Название: Middle Eastern Terrorism
Автор: Mark Ensalaco
Издательство: Ingram
Жанр: Историческая литература
isbn: 9780812201871
isbn:
The contact between Ames and Salameh—and between U.S. and Fatah intelligence—would result in a back channel security arrangement, but not until 1974 after Black September actually murdered U.S. diplomats. At the end of 1970, Salameh broke off contact with the CIA, after a senior CIA officer attempted to recruit him in Rome with an offer of a $1 million. The CIA's clumsy effort to buy an asset would have its consequences. Over the next three years, Salameh was directly involved in some, although not all, of Black September's terror operations. It was Salameh who organized the assassination of Wasfi Tel in November 1971 and the attacks in West Germany, Holland, and Italy in early 1972. He then became involved in the planning of a late summer operation in the heart of Europe, an operation that more than any other, including even Haddad's Skyjack Sunday hijackings, defined the threat of terror in the 1970s in the mind of most Americans.

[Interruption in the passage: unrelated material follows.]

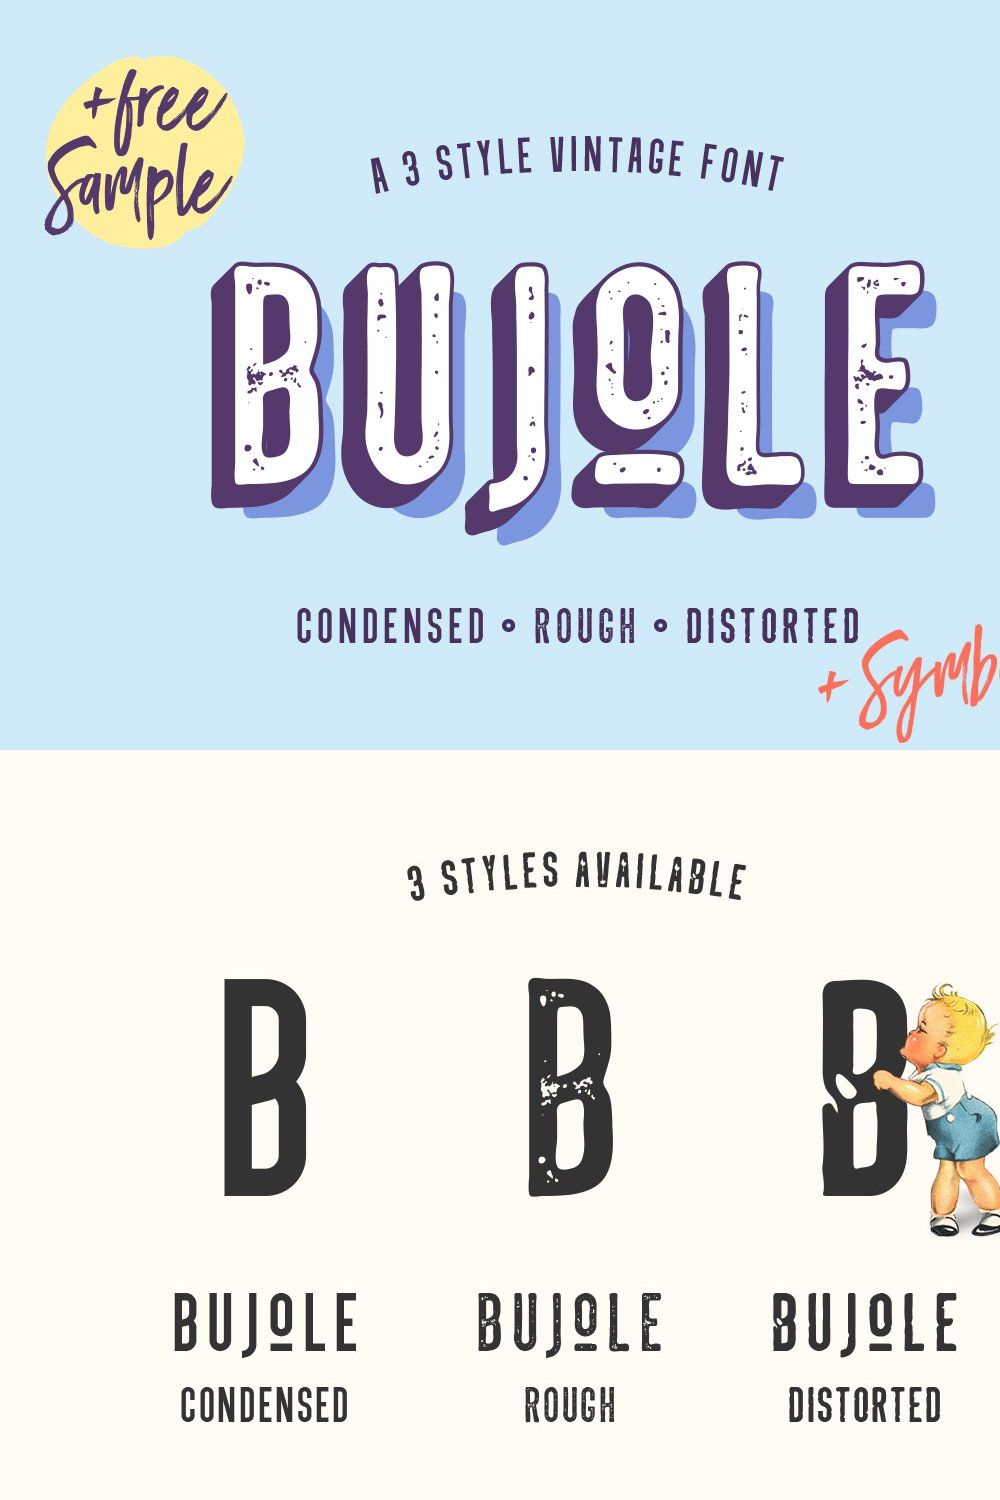 Bujole - A 3 Style Vintage Font pinterest preview image.

The appearance of Black September was ominous because it meant another killer was roaming in search of victims. But the appearance of Black September did not mean the disappearance of the PFLP. Actually, the PFLP struck first in 1972.
The Lod Massacre
Wadi Haddad never sought the approval of the PLO to conduct terror operations, just as he never heeded the organization's chastisements. George Habash, the nominal secretary general of the PFLP, was in prison in Damascus when Haddad organized the first hijacking, and in Communist China on Skyjack Sunday. Haddad was his own man. George Habash alternated between deep-throated threats against passengers and cautiously phrased denials of responsibility, but by 1971 Haddad commanded the loyalty of his own faction within the PFLP. At the end of February, Haddad's men resumed the offensive.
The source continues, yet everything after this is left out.